Web 2.What?

I’m preparing a presentation for a staff development day coming up in March. One of the things the presentation includes is a series of slides with short definitions of buzzwords. Blog. Wiki. Podcast. Phishing. Terabyte. No problems.

Web 2.0? That’s a little tougher. I quickly found that I needed two slides. Then, maybe, half a dozen. Then, perhaps, an entire presentation. The word gets thrown around a lot, and it’s even starting to creep into more mainstream media now. But what is Web 2.0?

Well, if you start at reference.com (which, I think, is connected with dictionary.com and thesaurus.com), you see Web 2.0 as a computing platform. More accurately, it’s the transition of the web from the traditional static broadcast medium, where there are few authors and lots of information consumers, to a system where people can create, modify, and interact with the content. The next two pages of text go into social networking and the technologies involved to implement this transition.

Over at Wikipedia, the explanation is a  little more detailed. They offer four different definitions, including a decentralized, collaborative approach to distributing web content, more organized and categorized content, and a shift in the economic value of the web.

Interestingly, it appears that one site is plagiarizing the other. Consider these two excerpts:

From reference.com:
" An earlier usage of the phrase Web 2.0 systems such as was a synonym for Semantic Web. The two concepts are similar and complementary. The combination of social networkingFOAF and XFN with the development of tag-based folksonomies and delivered through blogs and wikis creates a natural basis for a semantic environment."

From wikipedia:
"An earlier usage of the phrase Web 2.0 was as a synonym for "Semantic Web", and indeed, the two concepts complement each other. The combination of social networking systems such as FOAF and XFN with the development of tag-based folksonomies and delivered through blogs and wikis creates a natural basis for a semantic environment."

Tim O’Reilly proposed a more compact definition last fall:

"Web 2.0 is the network as platform, spanning all connected devices; Web 2.0 applications are those that make the most of the intrinsic advantages of that platform: delivering software as a continually-updated service that gets better the more people use it, consuming and remixing data from multiple sources, including individual users, while providing their own data and services in a form that allows remixing by others, creating network effects through an "architecture of participation," and going beyond the page metaphor of Web 1.0 to deliver rich user experiences."

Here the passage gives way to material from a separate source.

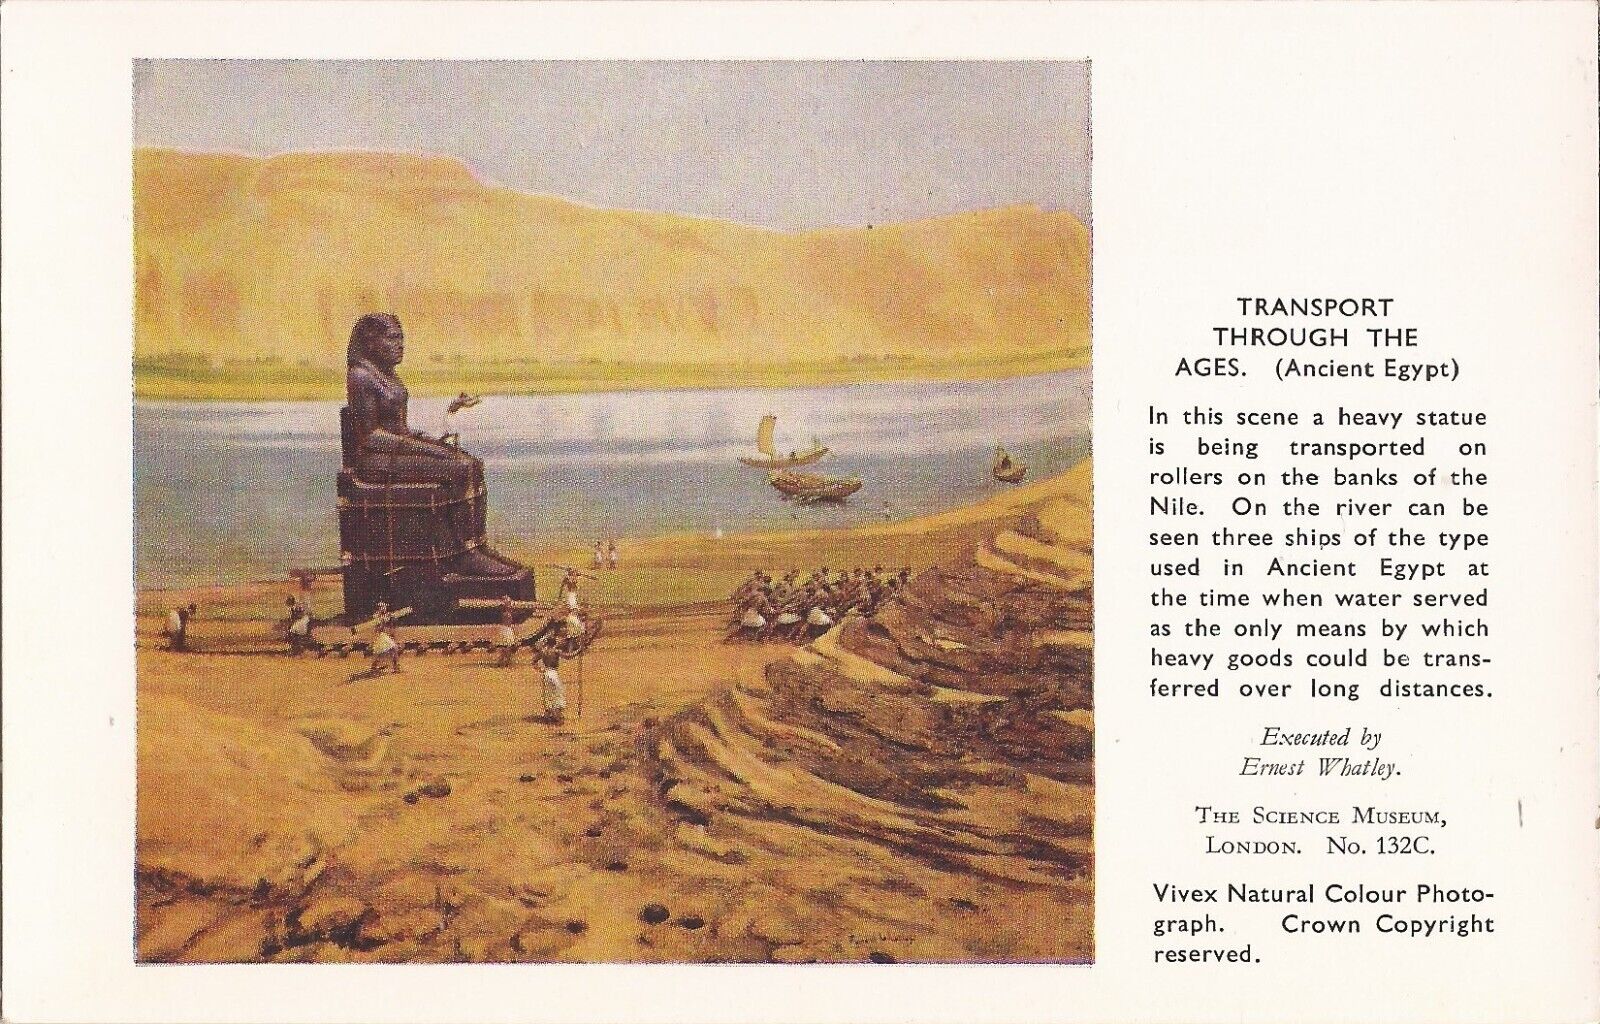 ART: E. Whatley: Transport Through the Ages (Ancient Egypt) - London, ENGLAND
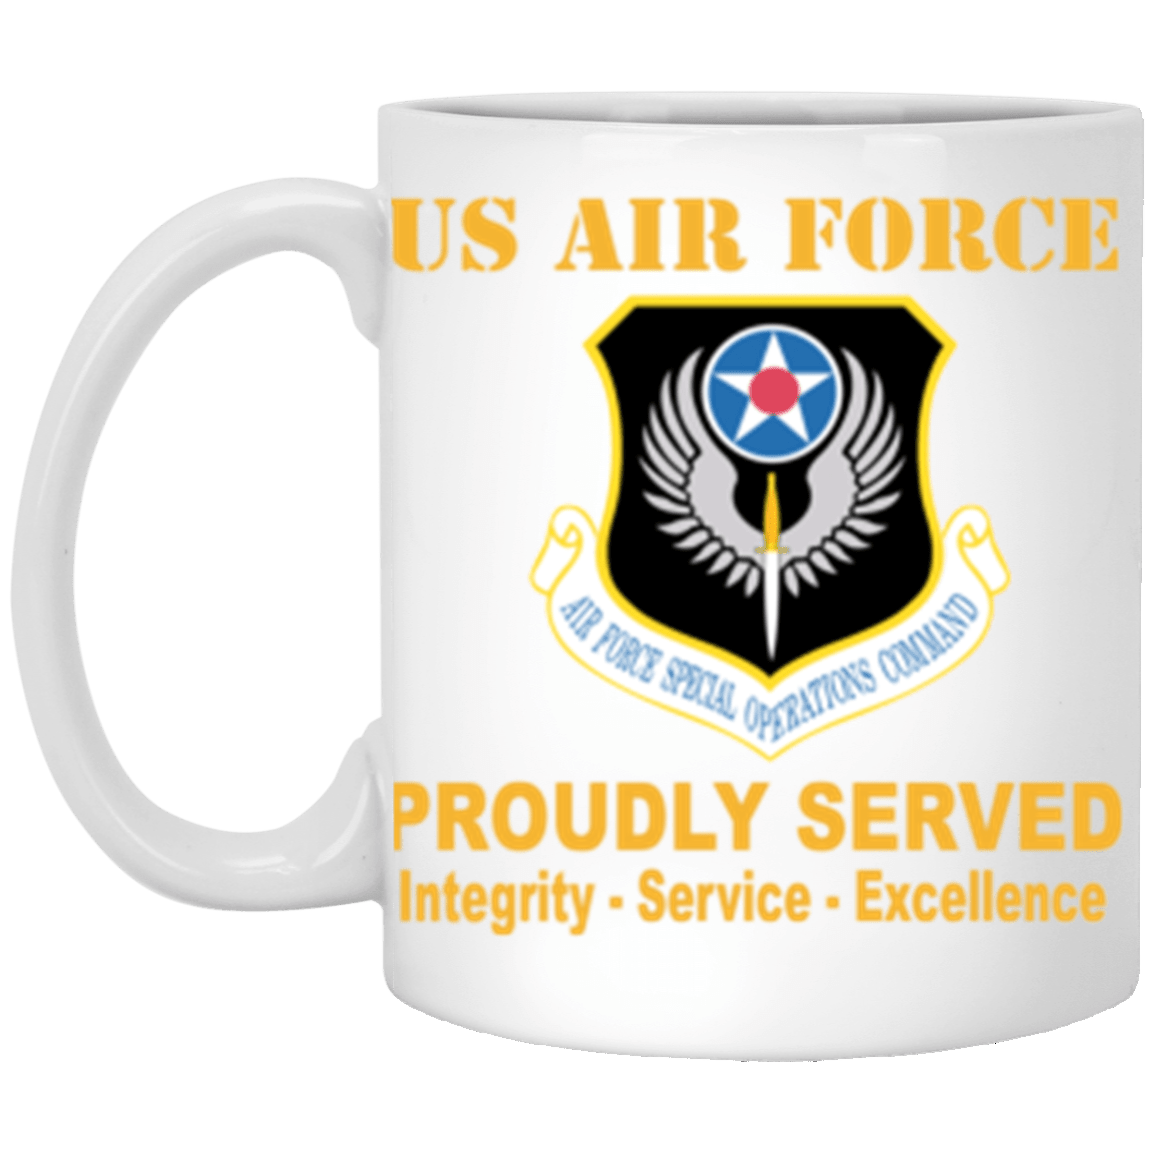 US Air Force Special Operations Command Proudly Served Core Values 11 oz. White Mug-Drinkware-Veterans Nation

He’s focusing on the web-as-platform aspect more than the social networking/collaborative workspace idea.

Last winter, Richard MacManus took a more scientific approach to determining a definition for Web 2.0. In the end, he also sums it up by using the "web as platform" definition, though he leaves a lot of room for interpretation.

Utimately, I think it’s more along the lines of what Tim Berners-Lee had in mind for the web. It’s a place where people can create their own organization systems, draw their own connections between ideas. Everyone is a both a publisher and a reader. It’s all about organizing, classifying, and sharing ideas.

Now, how do I fit that on a slide?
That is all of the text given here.